There are a number of different types of distributions that can be used with ordinal data.
For this example, we are toing to be using visual Microcystis scores collected from various IEP surveys.
Flynn, T., P. Lehman, S. Lesmeister, and S. Waller. 2022. A Visual Scale for Microcystis Bloom Severity. figshare Figure. doi:https://doi.org/10.6084/m9.figshare.19239882.v1
In this case, the cummulative distribution is probably what we want, since “low”, “medium”, and “high” are mutually exclusive.
Now let’s get the data. We can use Sam B’s fantastic integrated water quality dataset to automatically download all the survyes the collect Microcystis observations. We’ll just do the past five years of data, and limit it to observations in summer and fall, when microcystis is most common.
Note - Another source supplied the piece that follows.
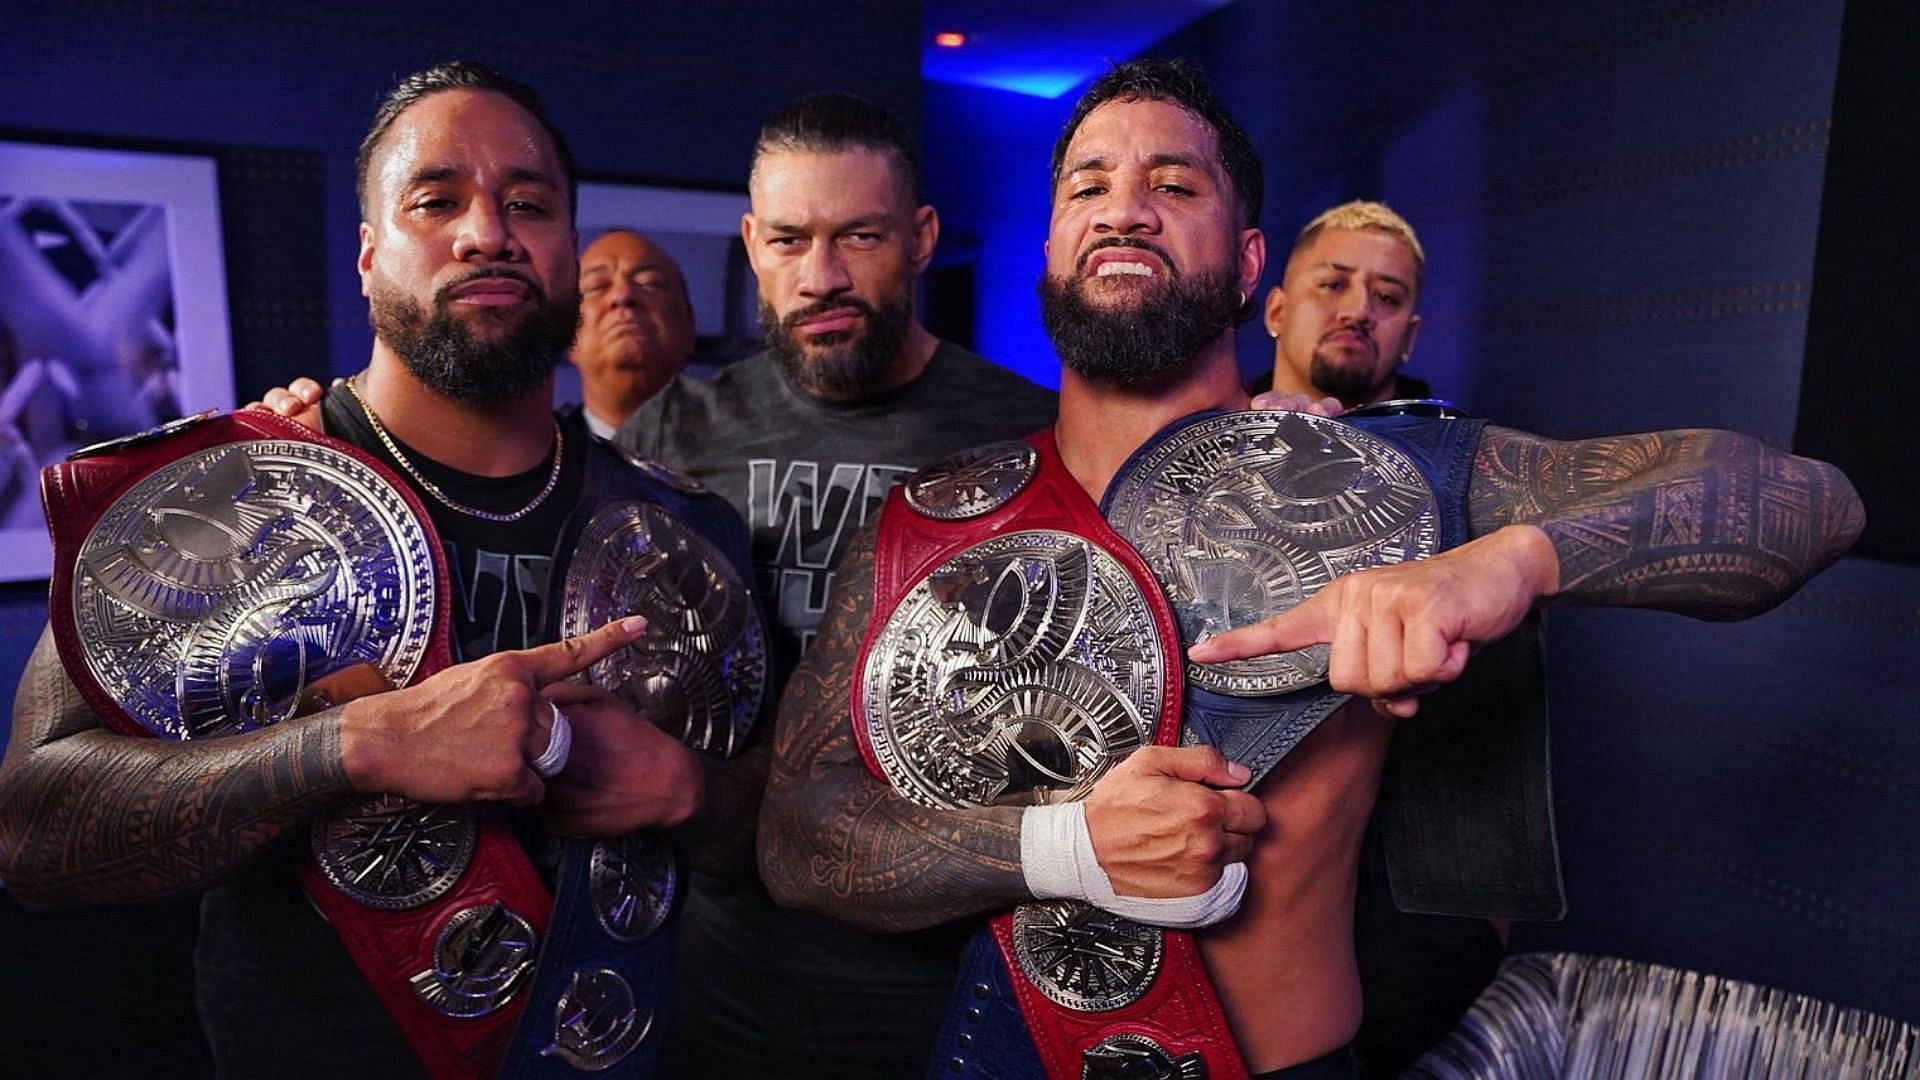 The Usos are the longest reigning WWE tag team champions in history

WQ = wq(Sources = c("FMWT", "STN", "EMP"), Start_year = 2015, End_year = 2021) %>%
dplyr::select(Source, Station, Latitude, Longitude, Date, Depth, Microcystis,
Secchi, Temperature, Salinity, Conductivity, Month, Season) %>%
filter(!is.na(Microcystis), Season %in% c("Summer", "Fall"))
View(WQ)
ggplot(WQ, aes(x = as.factor(Microcystis), y = Temperature)) + geom_boxplot()
## Warning: Removed 9 rows containing non-finite values (stat_boxplot).
Cool! So it looks as though there is probably a trend between Microcystis observations and water temperature. However, there is some ammount of variation in how people judge microcystis levels. Let’s convert from 5 categories to 3 categories, to try and reduce variability.
WQ = mutate(WQ, Mic = case_when(Microcystis == 1 ~ "Absent",
Microcystis %in% c(2,3) ~ "Low",
Microcystis %in% c(4,5)~ "High"),
Mic = factor(Mic, levels = c("Absent", "Low", "High"), ordered = T))
ggplot(WQ, aes(x = Mic, y = Temperature)) + geom_boxplot()
## Warning: Removed 9 rows containing non-finite values (stat_boxplot).
OK, now we can set up our model of temperature versus Microcystis. If we have a simple model, we can use the ‘polr’ function in the MASS package, but the package ‘ordinal’ allows for mixed models and more complicated controls.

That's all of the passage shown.